Zing Forum

Reading

Agent Garden: A Multi-Agent Development Workflow Framework Based on Claude Code

Agent Garden drives multi-agent collaboration via a file suffix state machine, enabling end-to-end automation from requirements to acceptance based on Claude Code, and provides a reproducible workflow model for engineering AI-assisted development.

多代理Claude Code开发工作流状态机AI辅助开发自动化工程化
Published 2026-04-26 13:45Recent activity 2026-04-26 13:54Estimated read 6 min
Agent Garden: A Multi-Agent Development Workflow Framework Based on Claude Code
1

Section 01

Core Introduction to the Agent Garden Framework: End-to-End Automation of Multi-Agent Development Based on Claude Code

Agent Garden is a multi-agent development workflow framework built on Claude Code. It drives agent collaboration via a file suffix state machine, enabling end-to-end automation from requirements analysis to acceptance, and provides a reproducible workflow model for engineering AI-assisted development.

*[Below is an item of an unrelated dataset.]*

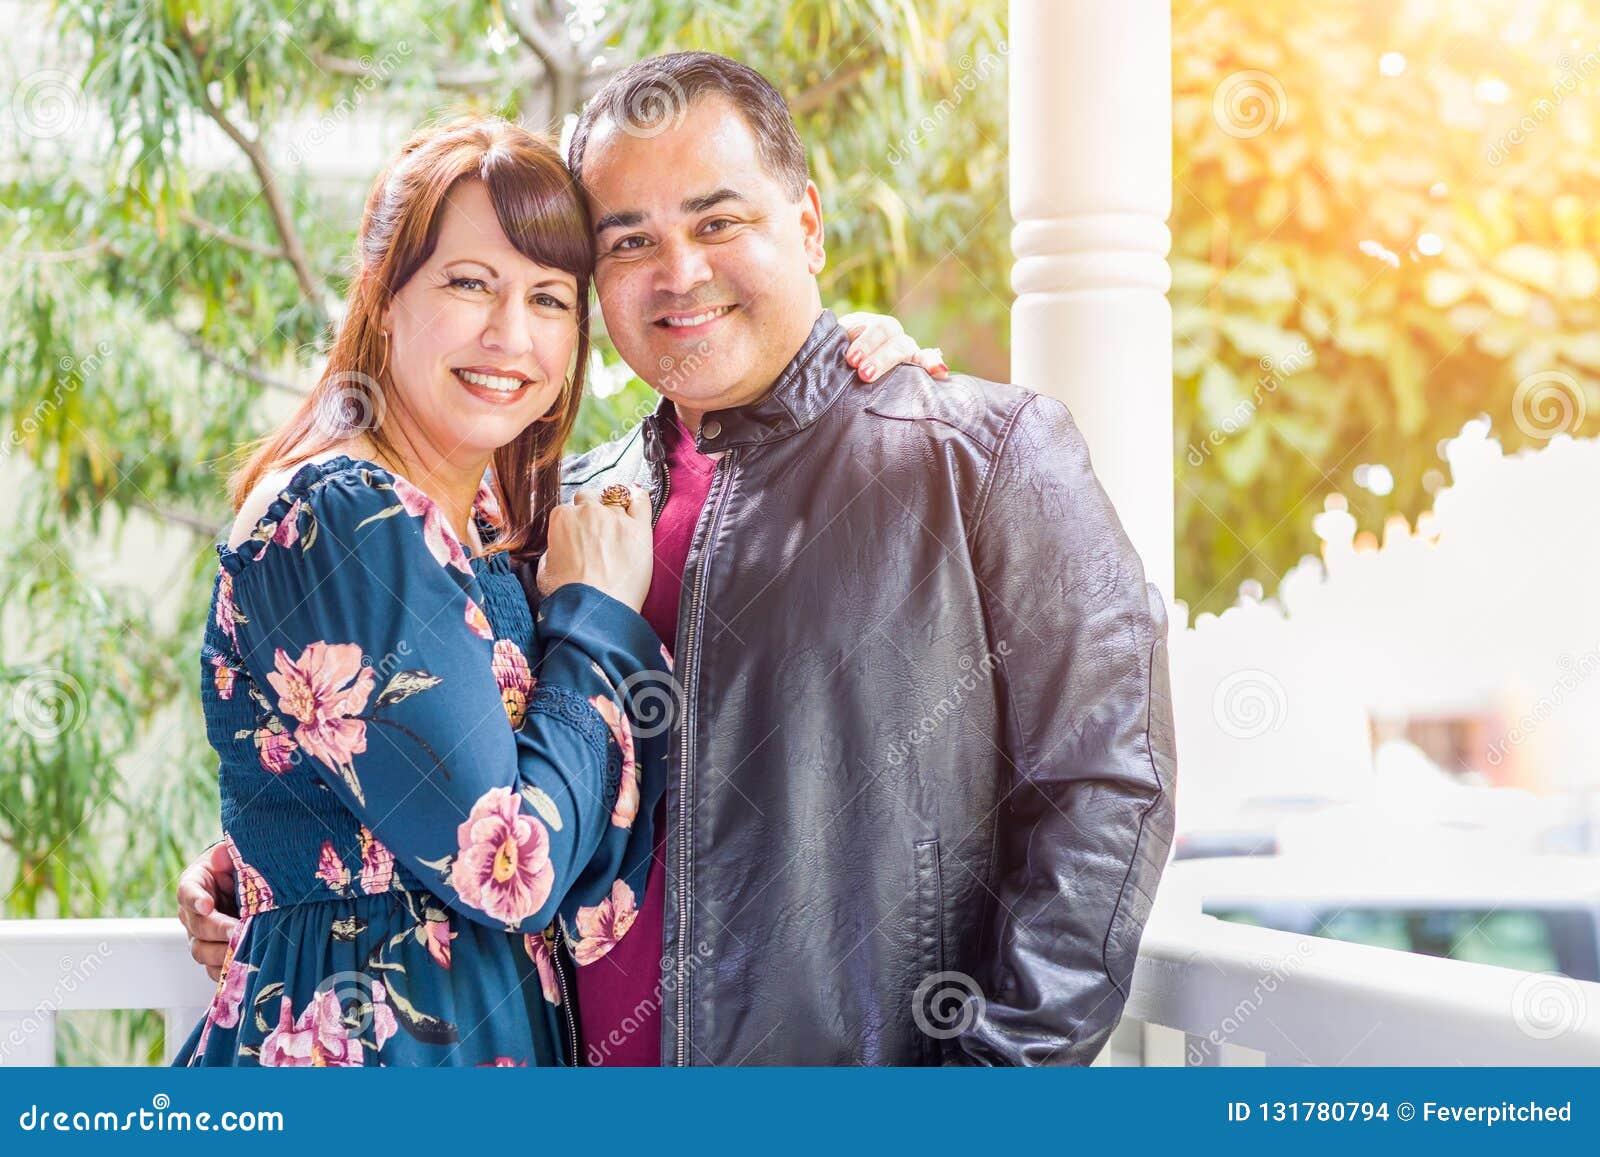 Portrait of Mixed Race Caucasian Woman and Hispanic Man

Its core mechanism is the file suffix state machine, which coordinates the division of labor among specialized agents (such as requirements analysis, architecture design, code implementation) to advance the development process.

2

Section 02

Evolution of AI-Assisted Development and the Background of Agent Garden

AI-assisted development tools are evolving from "code completion" to "end-to-end automation". Currently, an engineered multi-agent collaboration model is needed to automate the complete development cycle. The Agent Garden project was thus proposed to address this need and provide a structured multi-agent development workflow.

3

Section 03

Core Methods of Agent Garden: File Suffix State Machine and Multi-Agent Architecture

File Suffix State Machine: File suffixes carry workflow states and correspond to different agent roles and tasks, such as .req.md (requirements analysis), .design.md (architecture design), .impl.py (code implementation), etc. Multi-Agent Collaboration Architecture: Includes requirements analysis agents (parsing requirements into structured specifications), architecture design agents (outputting system architecture blueprints), code implementation agents (generating code using Claude Code), test writing agents (generating and running tests), and review and acceptance agents (quality control).

4

Section 04

State Transition Mechanism and Advantages of Agent Garden

The workflow progresses through changes in file suffixes: initial requirements document → design document → implementation code → test code → review document → marked as completed. This mechanism has four key advantages:

  1. Observability: States are reflected in the file system, no additional database required;
  2. Recoverability: Failures can be restarted from the current state;
  3. Auditability: Change history is recorded via version control;
  4. Extensibility: Adding new agents only requires defining new state suffixes and rules.
5

Section 05

Deep Integration Between Agent Garden and Claude Code

The framework is built on Claude Code, with integration points including:

  • Code generation: Using Claude's code-writing capabilities to implement functions;
  • Code understanding: Analyzing code via Claude for review and refactoring;
  • Natural language processing: Parsing requirements and generating documents;
  • Tool invocation: Integrating with file systems, test runners, Git, etc.
6

Section 06

Engineering Practice Design of Agent Garden

Engineering considerations of the framework:

  • Balance between determinism and creativity: The state machine provides a deterministic process framework, while agents retain creative space internally;
  • Human intervention points: Configurable human intervention at key nodes (e.g., review, design confirmation);
  • Error handling: Retry, rollback, or escalate to human handling in case of failure;
  • Parallel and serial coordination: Independent functions are developed in parallel, while dependent functions are executed serially.
7

Section 07

Project Significance and Application Scenarios of Agent Garden

The value of Agent Garden lies in providing a reproducible and extensible AI-assisted development workflow model. Application scenarios include:

  • Standardized development processes: Establishing unified team norms;
  • Automation of repetitive tasks: Template-based development of similar functions;
  • Rapid prototyping: Quickly validating ideas into runnable code;
  • Learning and teaching: Demonstrating best practices for AI-assisted development. The project is in the early stage with clear core concepts, serving as a reference architecture for exploring multi-agent collaborative development.